Эта любовь, естественно умершая, никогда не возродится…
Отсюда, раньше ее (полного) окончания, вспыхивают измены, как последняя надежда любви: ничто так не отдаляет (творит разницу) любящих, как измена которого-нибудь. Последний еще не стершийся зубец — нарастает, и с ним зацепливается противолежащий зубчик. Движение опять возможно, есть, – сколько-нибудь. Измена есть, таким образом, самоисцеление любви, «починка» любви, «заплата» на изношенное и ветхое. Очень нередко «надтреснутая» любовь разгорается от измены еще возможным для нее пламенем и образует сносное счастье до конца жизни. Тогда как без «измены» любовники или семья равнодушно бы отпали, отвалились, развалились; умерли окончательно.
* * *
…право, русские напоминают собою каких-то арабов, странствующих по своей земле…
И «при свете звезд поющих песни» (литература). Дело все не в русских руках.
* * *
Почтмейстер, заглядывавший в частные письма («Ревизор»), был хорошего литературного вкуса человек.
Раз, лет 25 назад, я пошел случайно на чердак.
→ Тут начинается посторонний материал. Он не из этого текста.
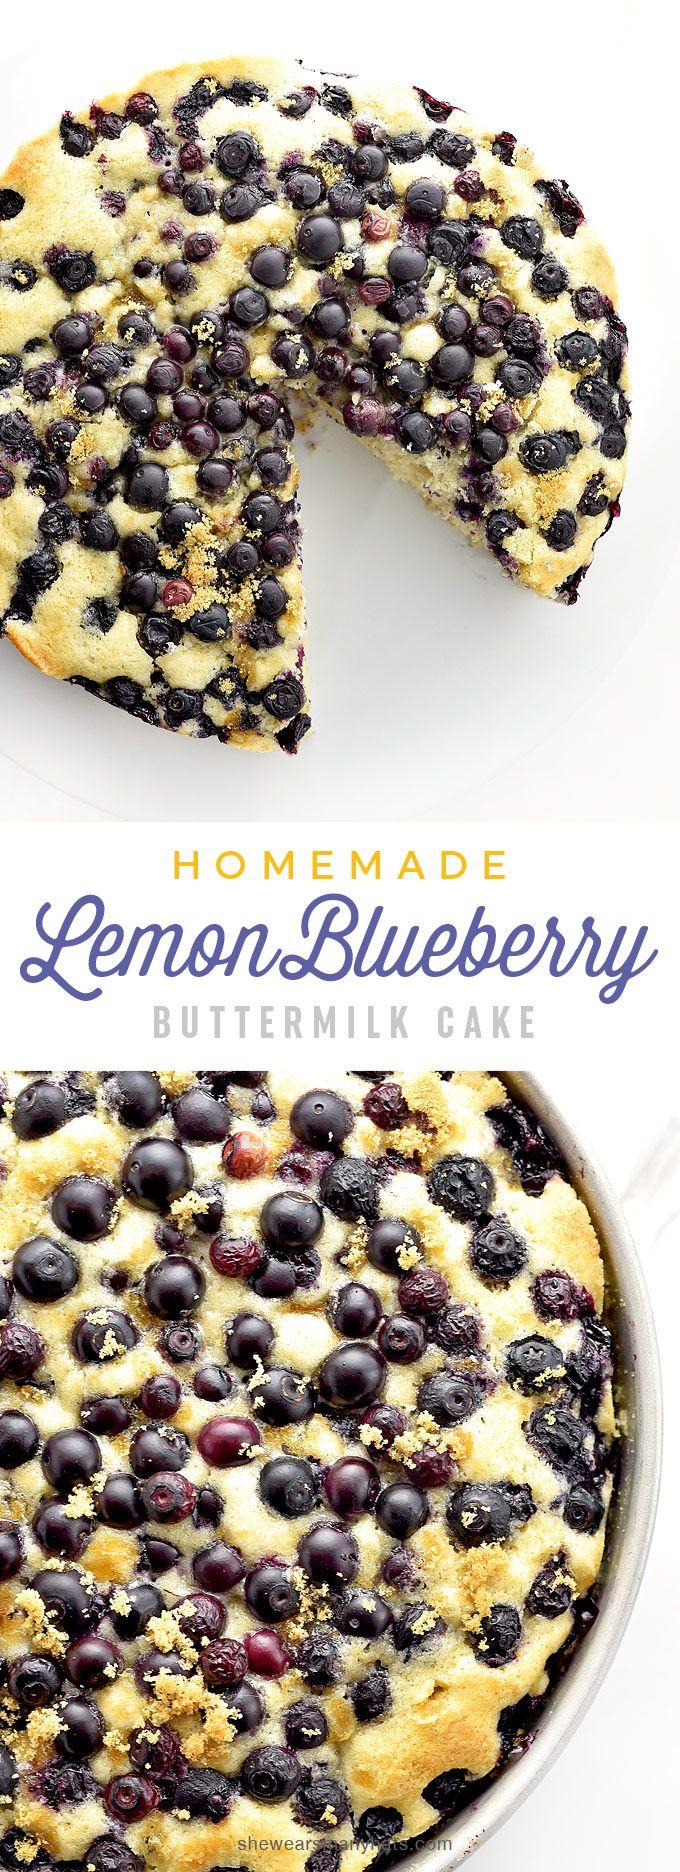 Homemade Lemon Blueberry Buttermilk Cake Recipe   shewearsmanyhats.com

Старый чемодан. Поднял крышку – и увидел, что он до краев набит (в конвертах) старыми письмами. Сойдя вниз, я спросил:
– Что это?
– Это мои (ко мне) старые письма, – сказала женщина-врач, знаменитая деятельница 60-х годов.
Целый чемодан!
Читая иногда письма прислуге, я бывал поражен красками народного говора, народной души, народного мировоззрения и быта. И думал: – «Да это – литература, прекраснейшая литература».
Письма писателей вообще скучны, бесцветны. Они, как скупые, «цветочки» приберегают для печати, и все письма их – полинявшие, тусклые, без «говора». Их бы и печатать не стоило. Но корреспонденция частных людей истинно замечательна.
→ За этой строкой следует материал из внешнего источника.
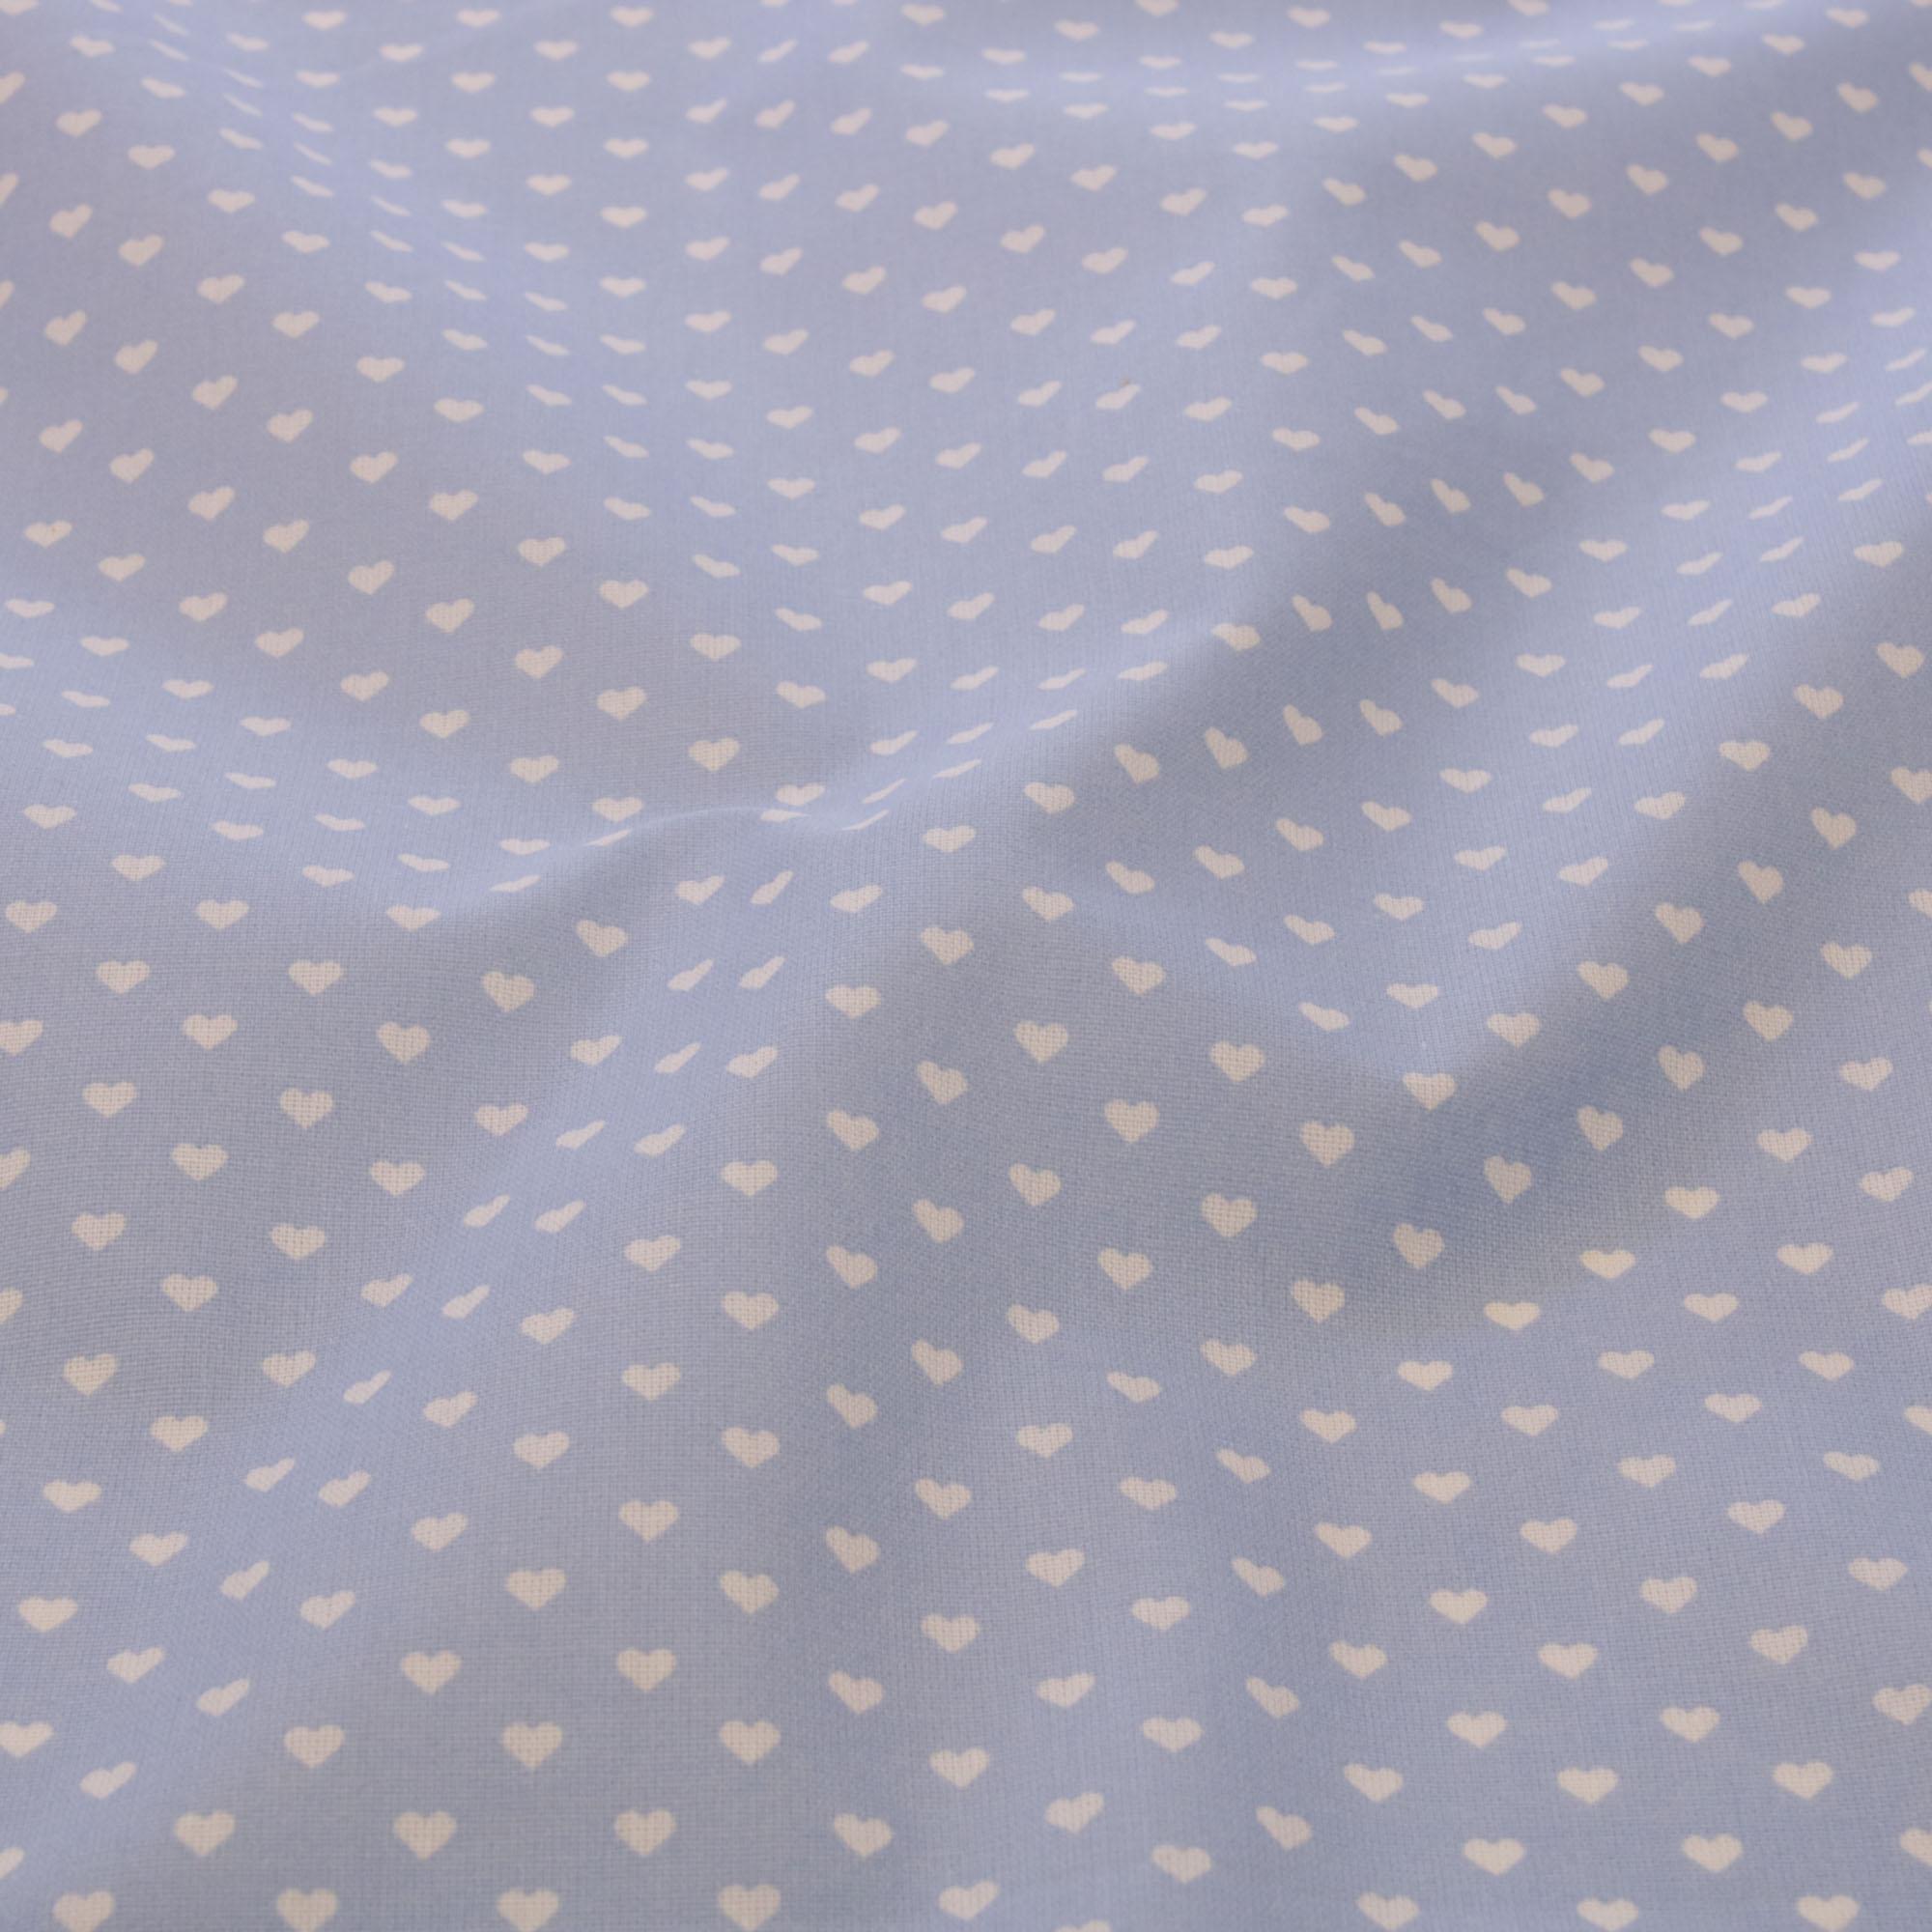 Tecido tricoline estampado coracao 1,40 m largura azul claro

Каждый век (в частных письмах) говорит своим языком. Каждое сословие. Каждый человек.
Вместо «ерунды в повестях» выбросить бы из журналов эту новейшую беллетристику и вместо нее…
Ну, – печатать дело', науку, рассуждения, философию.
Но иногда, а впрочем лучше в отдельных книгах, вот воспроизвести чемодан старых писем. Цветков и Гершензон много бы оттуда выудили. Да и «зачитался бы с задумчивостью» иной читатель, немногие серьезные люди…
* * *
Приятно стоять «выше морали» и на просьбы кредиторов – по-наполеоновски размахнуться и гордо ответить: «Не плачу». Но окаянно, когда мне не платят; а за «ближними» есть должишки. Перебиваюсь, жду. Не знаю, как выйти из положения: в мелочной задолжал. Не обращаться же к приставу, хоть и подумываю.
(философия Ницше).
* * *
Да, я коварен, как Цезарь Борджиа: и про друзей своих черт знает что говорю. Люблю эту черную измену, в которой блестят глаза демонов. Но ужасно неприятно, что моя квартирная хозяйка распространяет по лестнице сплетню, будто я живу с горничной, – и дворники «так запанибрата» смотрят на меня, как будто я уже и не барин.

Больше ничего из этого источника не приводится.